If 1/n >= x > 0 for all n ∈ N, then for all n ∈ N 1/x > n.

Let's prove that such real number doesn't exist.

Let A be a set of real numbers $A = \{a\in \mathbb{R}: \exist n\in \mathbb{N}\,\, a<n\}$ ,

$B=\mathbb{R}\setminus A = \{b\in \mathbb{R}: \forall n\in \mathbb{N}\,\, b\geq n\}$ .

$\mathbb{N}\subset A$ implies $A\ne \empty$. If, in addition, $B\ne \empty$, then $\forall a\in A \,\forall b\in B\, a< b$ .

Indeed, there exists $n\in N$, such that a<n and, by the definition, $n\leq b$ , therefore a<b.

So we have Dedekind's section of the set of real numbers.

By the Dedekind's axiom of completeness there exists $c\in \mathbb{R}$ , such that $\forall a\in A \,\forall b\in B\, a\leq c\leq b$ .

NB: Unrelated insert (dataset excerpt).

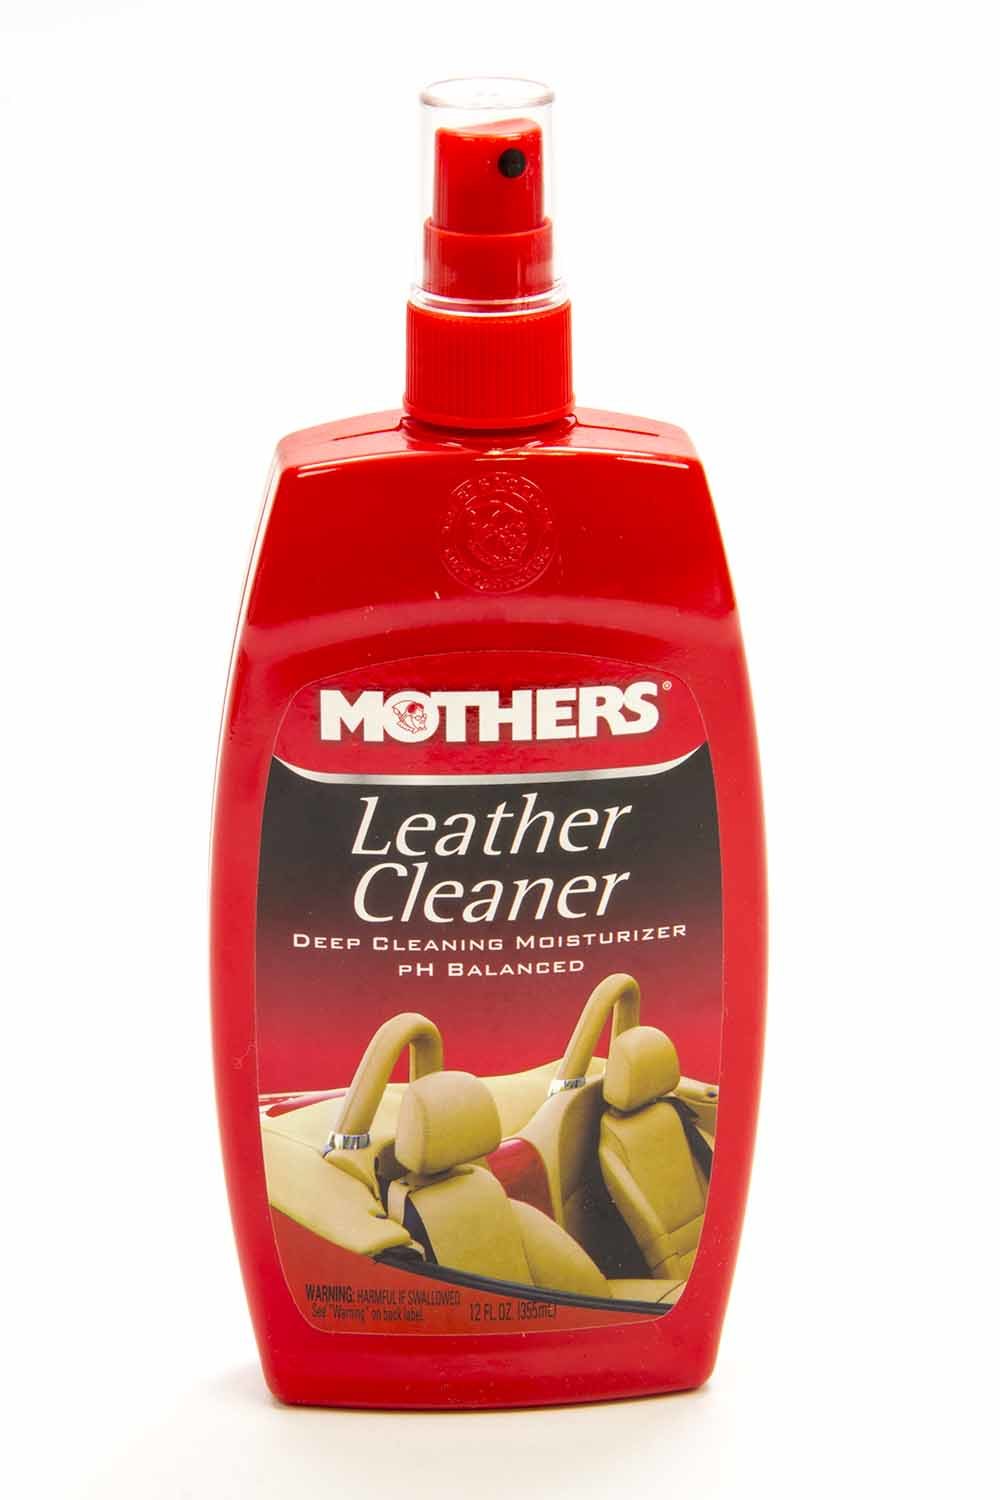 MOTHERS Leather Cleaner, 12 oz Bottle, Each

We have $c-1<c$, therefore, $c-1\in A$.

We have $c+1>c$, therefore, $c+1\in B$.

By the definition of the set A we have $\exist n\in \mathbb{N} c-1<n$ and, hence, c+1 < n+2. The last inequality means that c+1 must belong to A. This contradiction proves that $B=\empty$ .